John Ward, Canadian Press, Ottawa Sun, 24 Aug 06


RISING casualty rates, a seemingly resurgent Taliban and the tragic shooting death of a 10-year-old are pushing Afghanistan into the midst of Canadian politics.


When Parliament resumes next month, the military mission in Kandahar is likely to be a set feature of question period.


"Afghanistan is an issue amongst Canadians," says Ujjal Dosanjh, the Liberal defence critic. "It was an issue during the spring, it will continue to be an issue."


Dawn Black, the NDP defence critic, agreed.


"I think it will be front and centre when the House reconvenes."


The opposition, however, will have to dodge government accusations that in questioning the mission, they're undercutting the troops.


Recent public opinion polls have shown an almost even split between those who support the Afghan commitment and those who want out.




The casualty rates -- eight soldiers killed this month alone -- may be eroding support, analysts say.


"The problem with any counter-insurgency is that there are no quick solutions, no easy victories and every now and then there will come a report, such as the shooting of the boy, that most people don't understand or want to hear about," said John Thompson of the Mackenzie Institute, a Toronto-based group that studies international unrest.


Dosanjh and Black say Prime Minister Stephen Harper and his government haven't answered the tough questions, even as they pushed a parliamentary vote last spring to extend the mission to 2009.


Black says she doesn't see how you can win over hearts and minds at gunpoint.


"What is the end point of this?" she said. "Is there an end point that is successful?
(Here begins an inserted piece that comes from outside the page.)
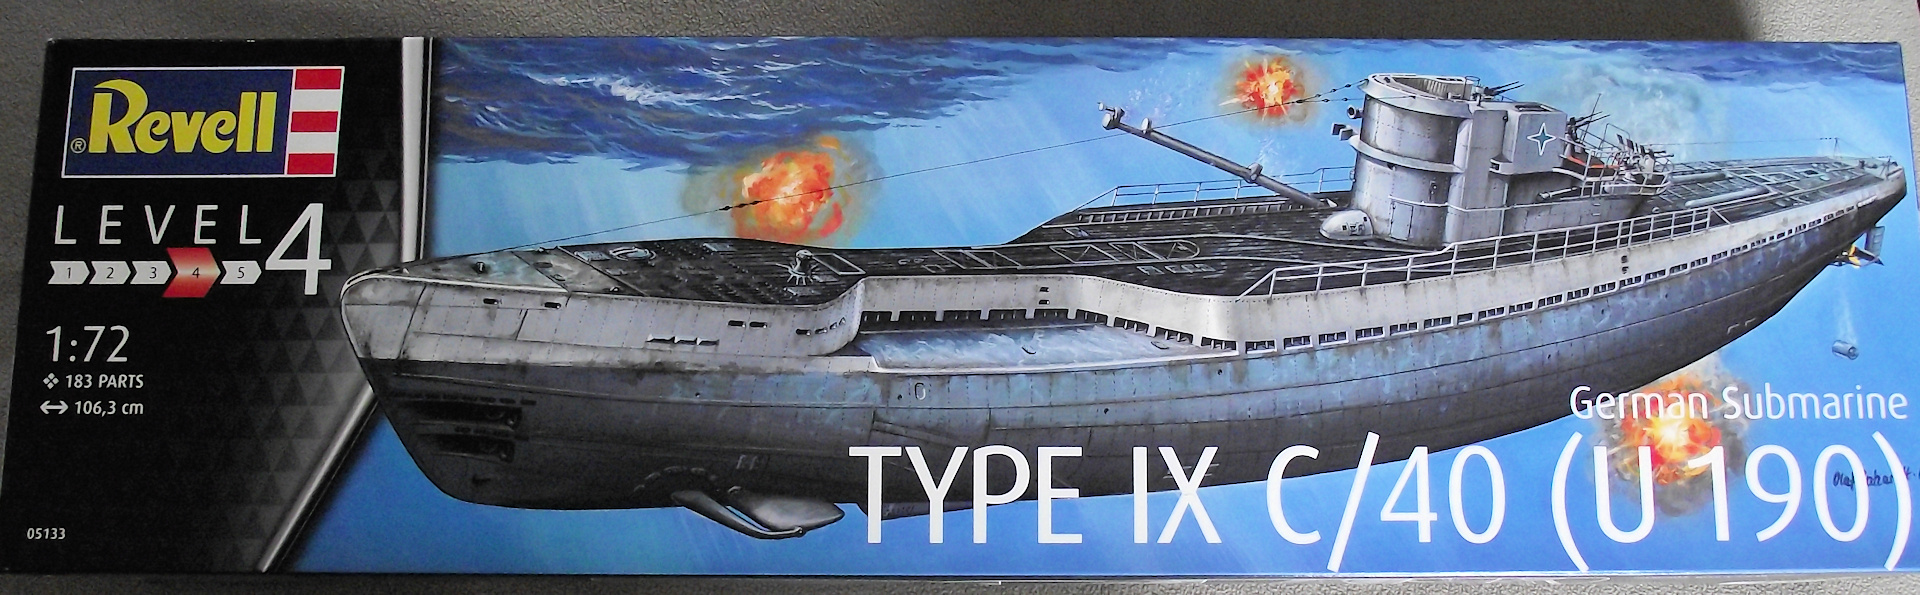 U Boot type IX 1/72 revell 605589UbootRevell1x721
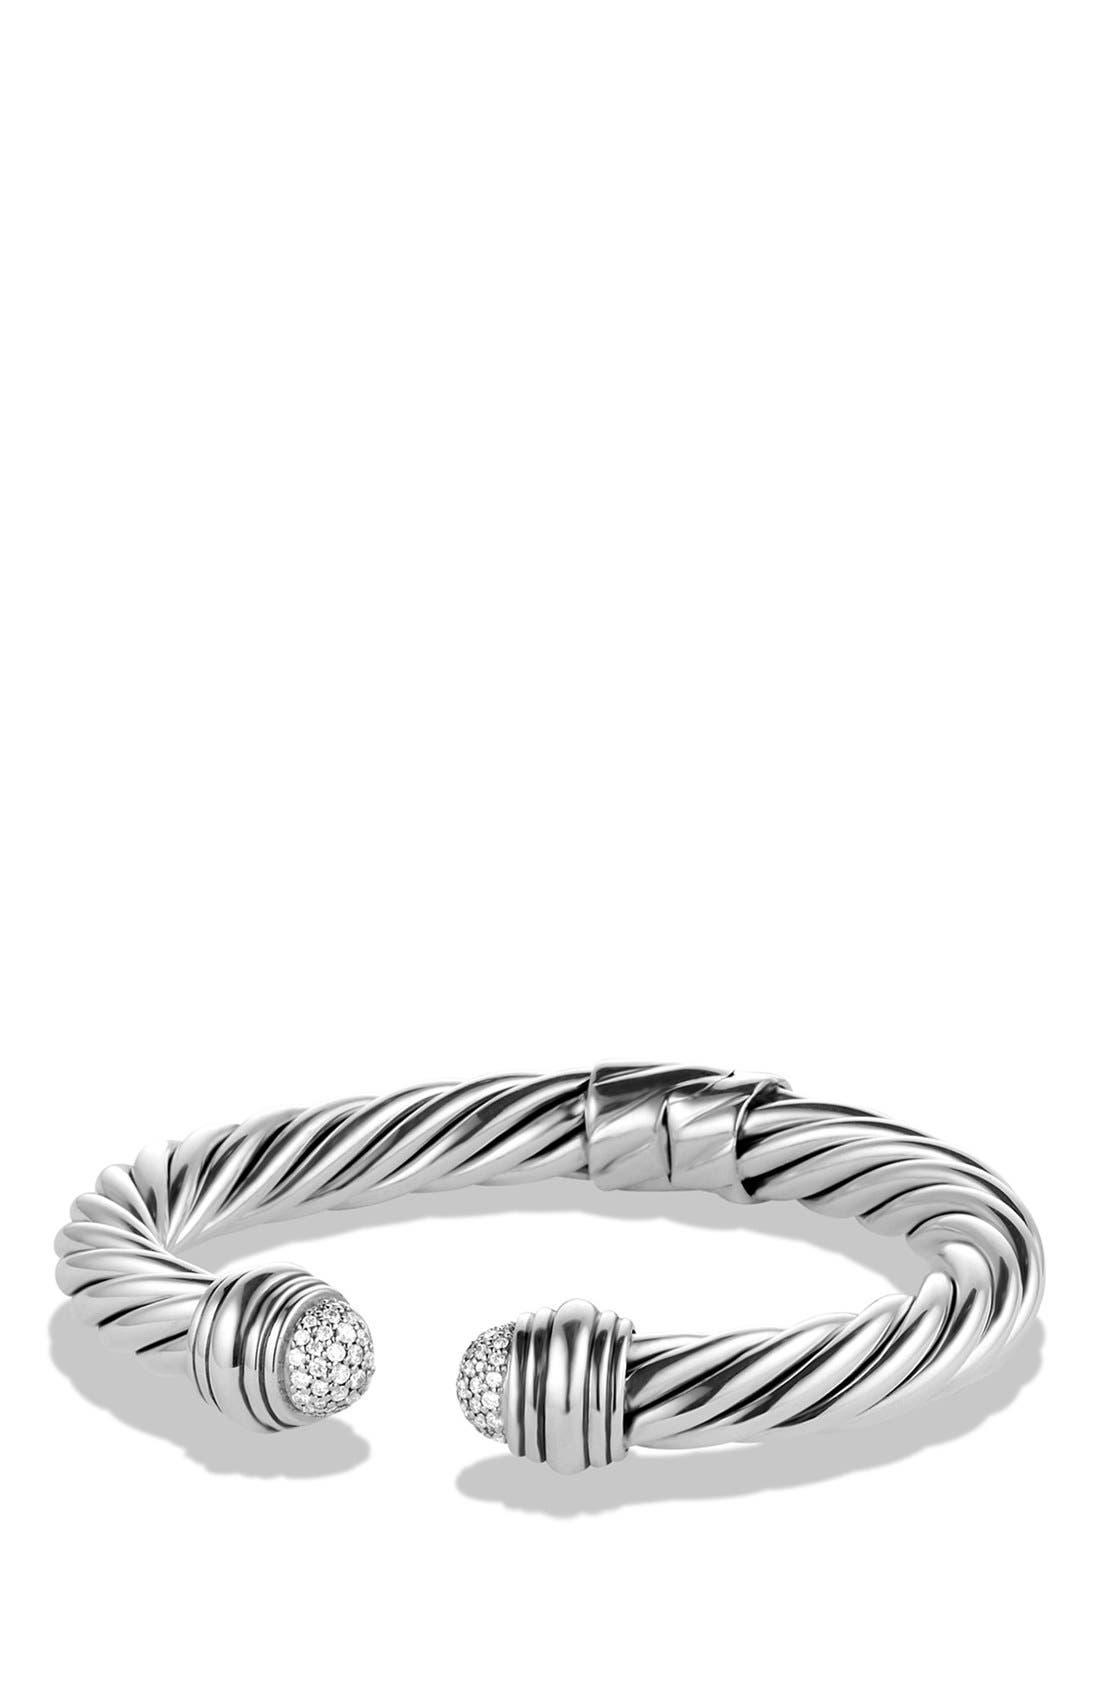 Alternate Image 1 Selected - David Yurman 'Cable Classics' Pavé Tip Bracelet with Diamonds

What are the goals of this mission? Canadians are seriously questioning this and I think the government has a hard obligation now to answer the questions that many MPs and people in Canadian society are asking."




The government is sticking to its guns, saying the mission is dedicated to helping the Afghan people preserve democracy against insurgents and rebuild their battered country.


While the opposition is ready to pounce in question period, others wonder about the real meaning of the polls. John Wright of pollster Ipsos-Reid points out that even a new government would likely be loath to pull out of Afghanistan because it's a commitment to NATO.


"There's no going back," he said.


David Rudd of the Canadian Institute for Strategic Studies said the poll numbers may not mean a lot.


"Yes, there's a split and the polls show people are subtly against it but no one's demonstrating out in the streets, no one's vigorously calling for withdrawal," he said.